Sous la direction de Barbara Winsor et de Sylvie Friant.

Soutenue en 2008

à l'Université Louis Pasteur (Strasbourg) .


  • Résumé

    Chez la levure Saccharomyces cerevisiae Las17p est l’homologue de WASp (Wiskott-Aldrich syndrome protein des cellules mammifères), responsable de l’activation de la polymérisation d’actine dépendante d’Arp2/3 qui forme des tâches corticales. Les résultats préliminaires du laboratoire avaient démontré que la peroxine Pex13p est capable d’interagir via son domaine Src homology 3 (SH3) avec Las17p, in vitro dans un essai GST pull-down. Cette étude est alors basée sur la recherche d’un lien éventuel entre la machinerie de polymérisation d’actine et les peroxysomes. La peroxine 13 (Pex13p) comme Pex14p et Pex5p fait partie intégrante du complexe d’amarrage à la membrane peroxysomale et est essentielle pour l’import dans les peroxysomes. Mes résultats favorisent l’hypothèse que le cytosquelette d’actine pourrait affecter les peroxysomes non pas directement sur l'import mais à travers un effet sur leur biogénèse, non encore précisé ayant un impact sur leur taille et leur nombre. Le gène hMTM1 sous une forme mutée est responsable de la myopathie myotubulaire liée au chromosome X (XLMTM). Il code pour une phosphatase à phosphoinositides, membre de la famille des myotubularines comprenant un unique homologue levure, Ymr1p. L’objet de la deuxième partie de ma thèse était de mieux comprendre la fonction intracellulaire et éventuellement la préférence de substrat de cette enzyme en utilisant le modèle levure S. Cerevisiae. Suivant les résultats obtenus, l’expression hétérologue de la myotubularine humaine chez la levure S. Cerevisiae produit une enzyme active, provoquant l’élargissement des vacuoles.

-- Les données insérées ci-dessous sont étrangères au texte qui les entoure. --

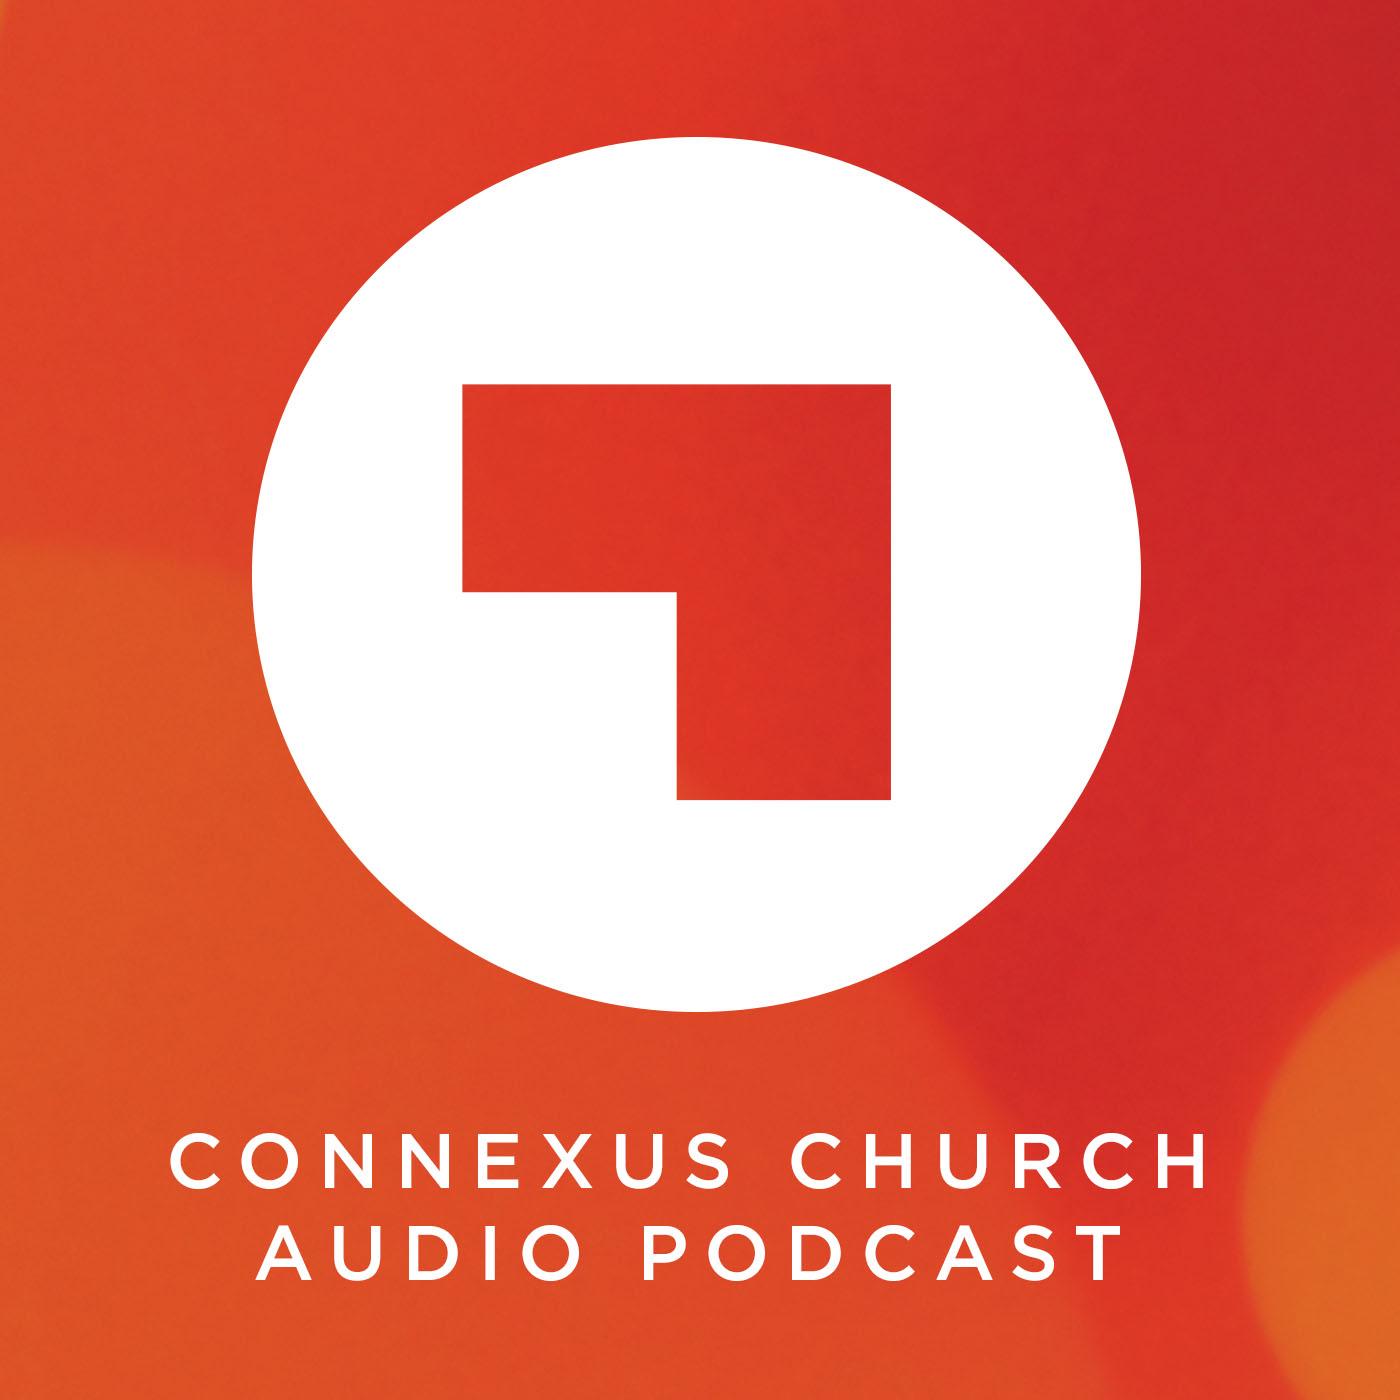 Connexus Church Audio Podcast show art

Le phénotype observé est dû à l’activité phosphatase et donc à la diminution du taux de PtdIns(3,5)P2. Les résultats suggèrent un rôle de hMTM1 dans le trafic membranaire et la maturation des endosomes précoces et tardifs et dans l’homéostasie vacuolaire.

  • Titre traduit

    Study of the linkbetween actin cytoskeleton and peroxisomes in yeast Saccharomyces cerevisiae : and intracellular role of the human mytubularin in the yeast model system Saccharomyces cerevisiae


  • Résumé

    In yeast Saccharomyces cerevisiae Las17p is the yeast homologue of WASP (Wiskott-Aldrich syndrome protein) in mammalian cells and a principal activator of actin polymerization Arp2/3 dependant that forms actin patches. Preliminary results from a GST pull-down assay in the laboratory had shown that Pex13p was able to interact, via its domain Src homology domain 3 (SH3), with Las17p. This study is based on the search for an eventual link between components of the actin polymerization machinery and peroxisomes. The peroxine Pex13p, together with Pex14p and Pex5p, is a part of the import complex at the peroxysomal membrane. My results favour the hypothesis that the actin cytoskeleton might regulate not the import into peroxisomes directly, but through an effect on peroxysomal biogenesis having an impact on peroxysomal size and number. Mutated forms of the hMTM1 gene are responsible for the X-linked myotubular myopathy (XLMTM) and it encodes a phosphoinositides phosphatase, a member of the myotubularine family, having an unique homologue in yeast S. Cerevisiae, Ymr1p. According to the results, heterologous expression of hMTM1 in yeast S. Cerevisiae leads to the production of an active enzyme, causing an enlarged vacuole phenotype. This phenotype is due to the phosphatase activity and therefore to the decrease in the level of PtdIns(3,5)P2. The results suggest a role for hMTM1 in membrane trafficking, in early and late endosome maturation and in maintaining vacuolar homeostasy.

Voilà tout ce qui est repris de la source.